Лекции по истории Древней Церкви. Том II
Шрифт:
Наряду с движением, связанным с именем Феодота Кожевника, возникло другое движение, представителем которого был Праксей, исповедник, прибывший в Рим из Асии (вероятно, при Елевфере 175–189 гг.), ненавистный Тертуллиану своею энергичною и успешною борьбою против монтанизма. Имя Праксея до такой степени исчезло из истории, что возможны были самые диковинные предположения. Предполагали даже, что имя Праксей — нарицательное, значит — «делец»; прилагалось оно Тертуллианом к Ноиту смирнскому.

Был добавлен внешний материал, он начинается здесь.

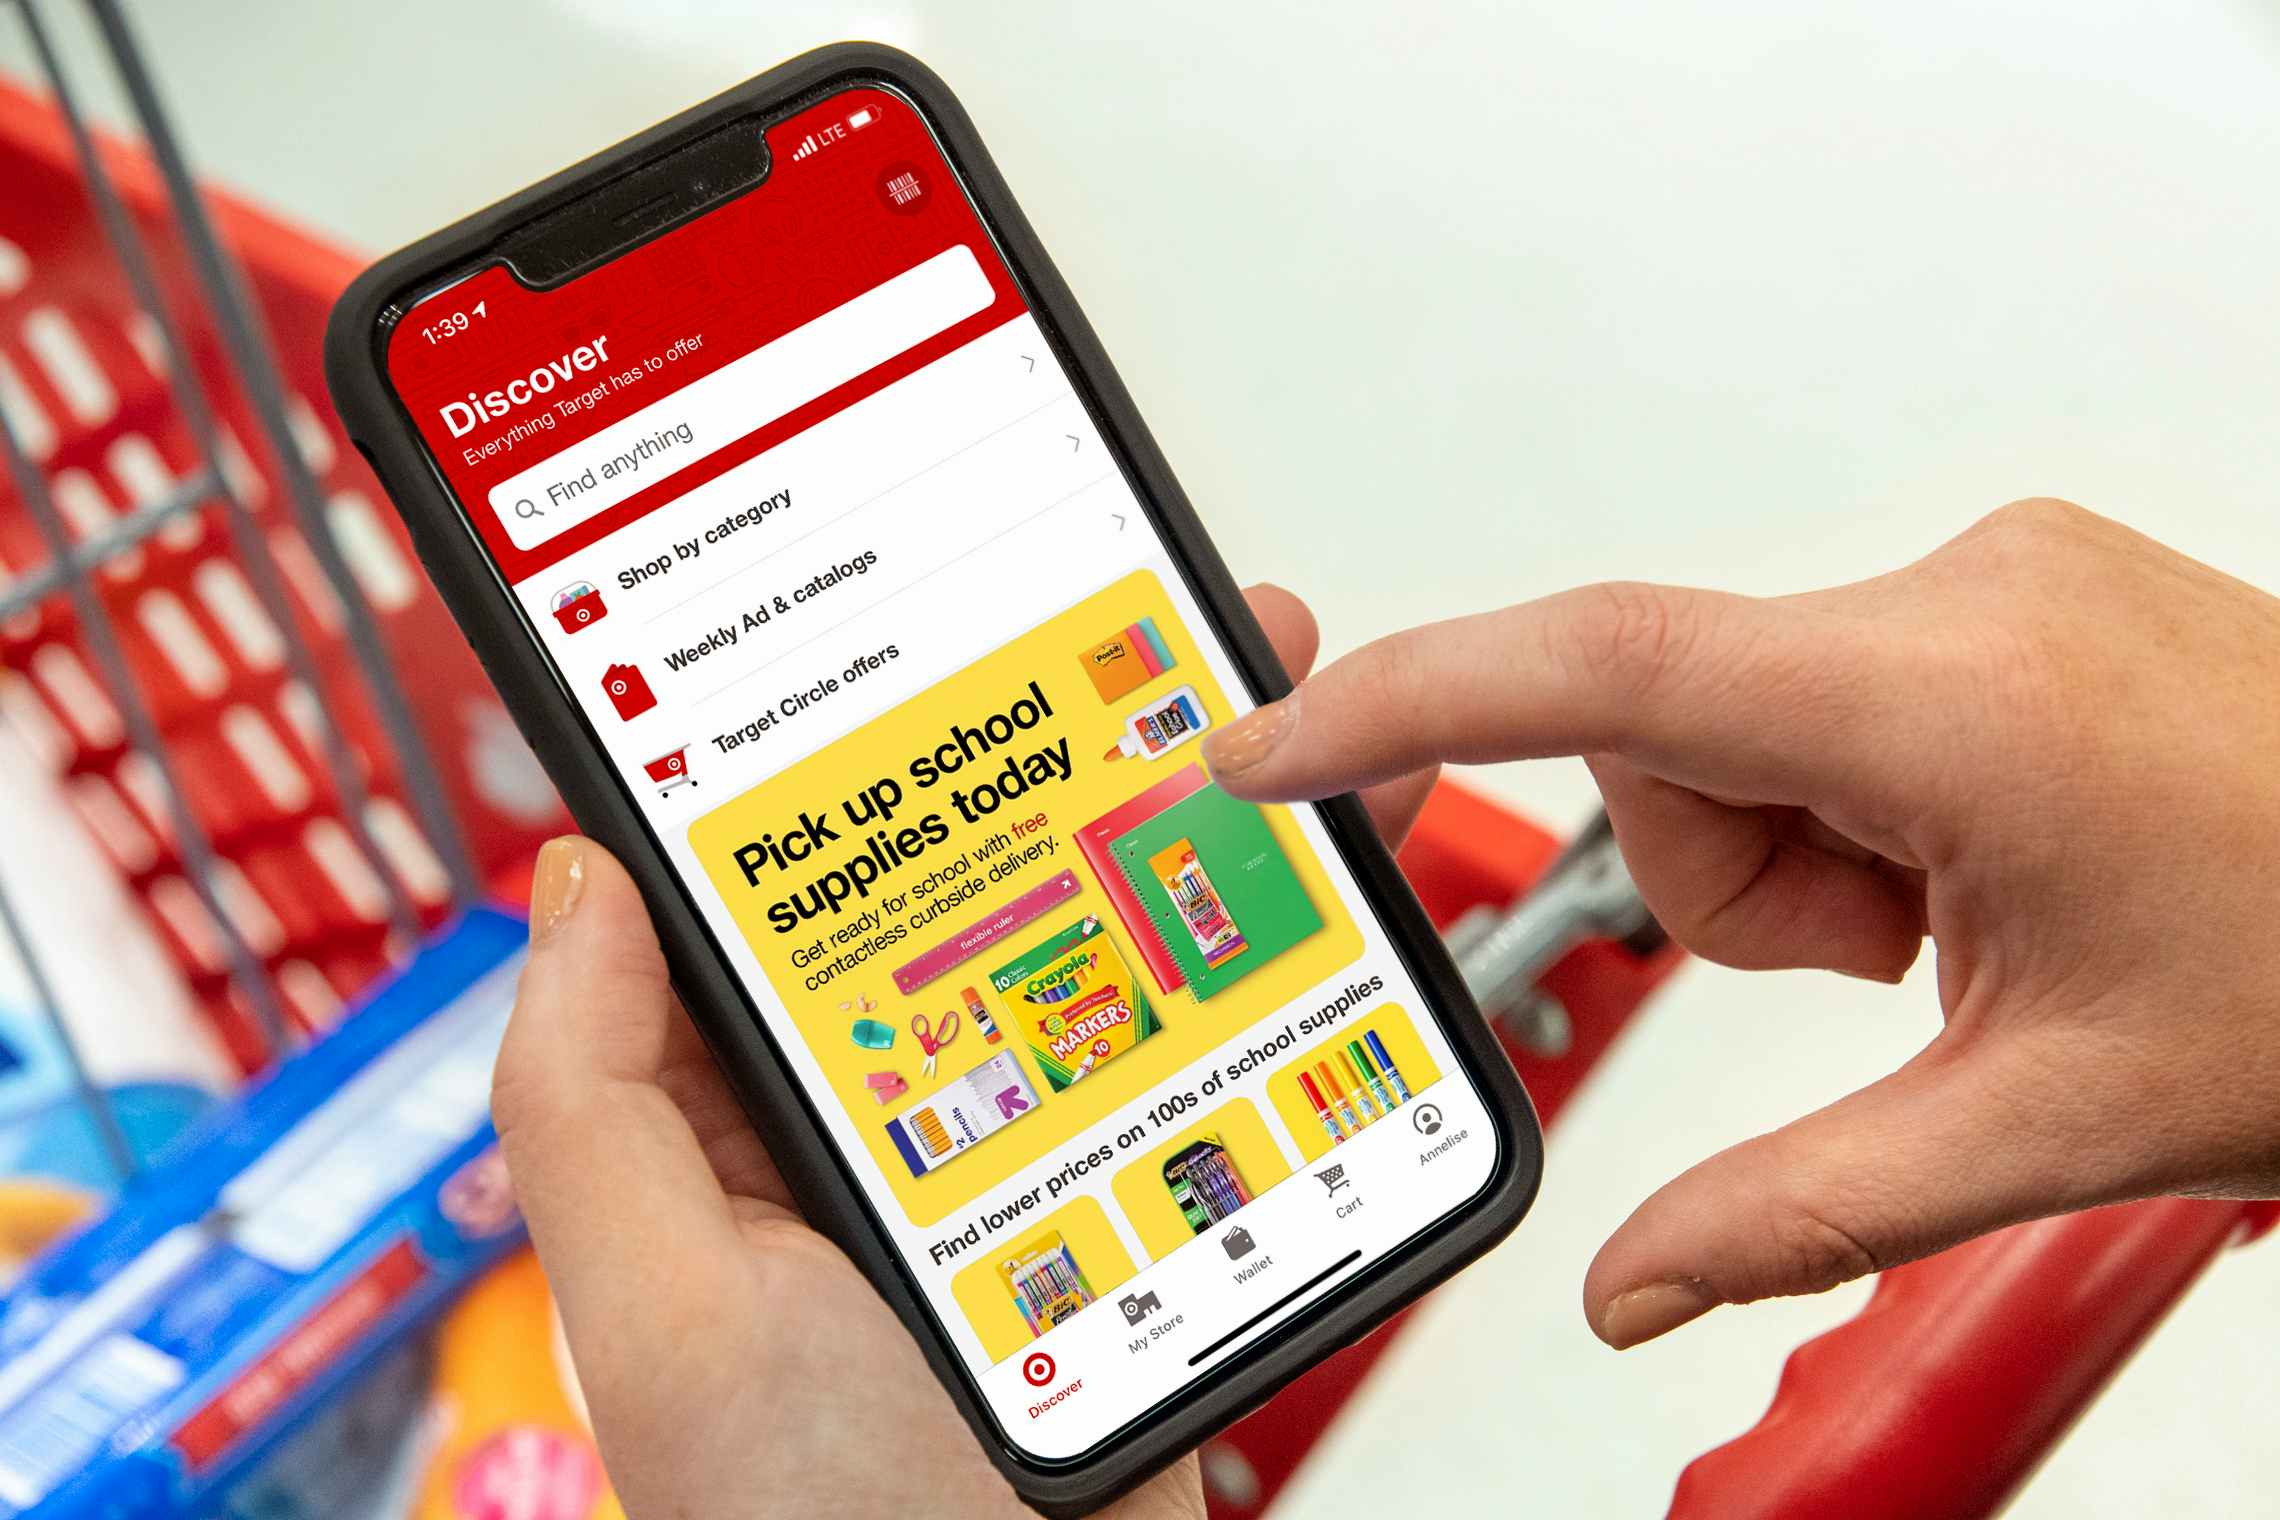 Target app with the back to school page open on the screen.
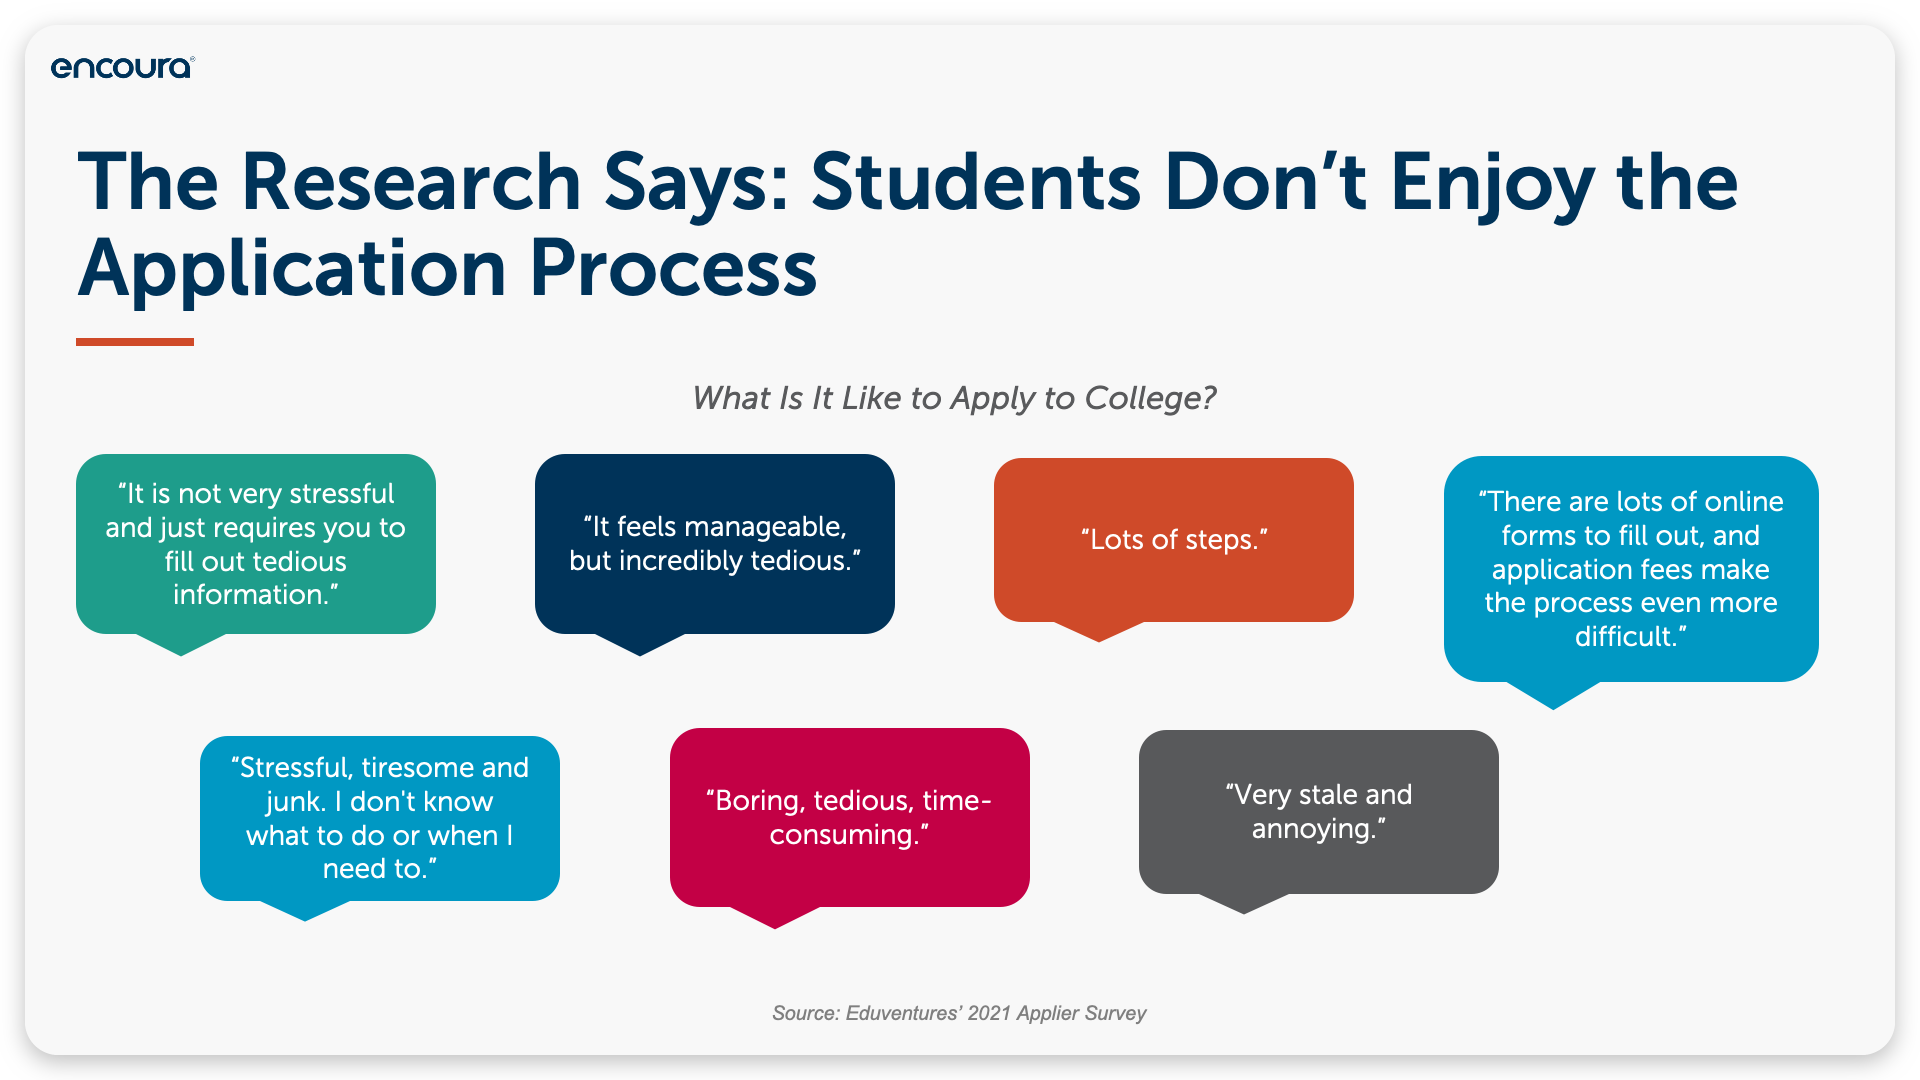 The Research Says: Students Don't Enjoy the Application Process

Основания для такого предположения видели в том, что Праксей, по Тертуллиану, действовал в Риме, Ипполит же не упоминает о его деятельности. Но последнее ничуть не удивительно, потому что Праксей был в Риме очень недолго, не имел успеха, и когда выступил на поприще литературной деятельности Ипполит, то представлял величину уже
Собственно воззрения Праксея, как они изложены в единственном источнике, у Тертуллиана, не могут представляться отчетливыми. Виновата в этом полемическая голова Тертуллиана. При нашей научной дисциплине мы требуем, чтобы нам точно сказали, что говорит противник; между тем Тертуллиан с громом противопоставляет возражениям противника свои тезисы, предполагая, что он будет отвечать на них. Запутанность изложения сводится на эту особенность полемики Тертуллиана. По Тертуллиану, весь Ветхий Завет для Праксея сводился к словам: «Я Бог и нет другого кроме Меня» (Исайя XLV, 5), а Новый Завет — к словам: «видевший Меня видел и Отца», «Я во Отце и Отец во Мне» (Ио. XV, 9, 11), «Я и Отец одно» (Ио. X, 30). Таким образом, существенное в обоих Заветах согласно, это — учение о едином Боге. Но когда Тертуллиан начинает подробнее излагать эти положения Праксея, то у него выходит, что будто бы последний допускал модализм. Тертуллиан ставит Праксею вопрос о выражении «сотворим» (Быт. I, 26) и других множественных числах и думает, что он будет отвечать в том смысле, что в Боге есть некоторая множественность. Наиболее характерное выражение в предполагаемом объяснении слов Писания Прак–сеем встречаем мы по вопросу о том, кем Моисею дано было откровение. Тертуллиан полагает, что Праксей слова: «Аз еайь Сый», вынужден будет отнести к Сыну; но если стать на эту точку зрения, возражает со своей стороны Тертуллиан Праксею, то непонятно, как Моисей мог видеть Того Бога, Который назвал Себя невидимым.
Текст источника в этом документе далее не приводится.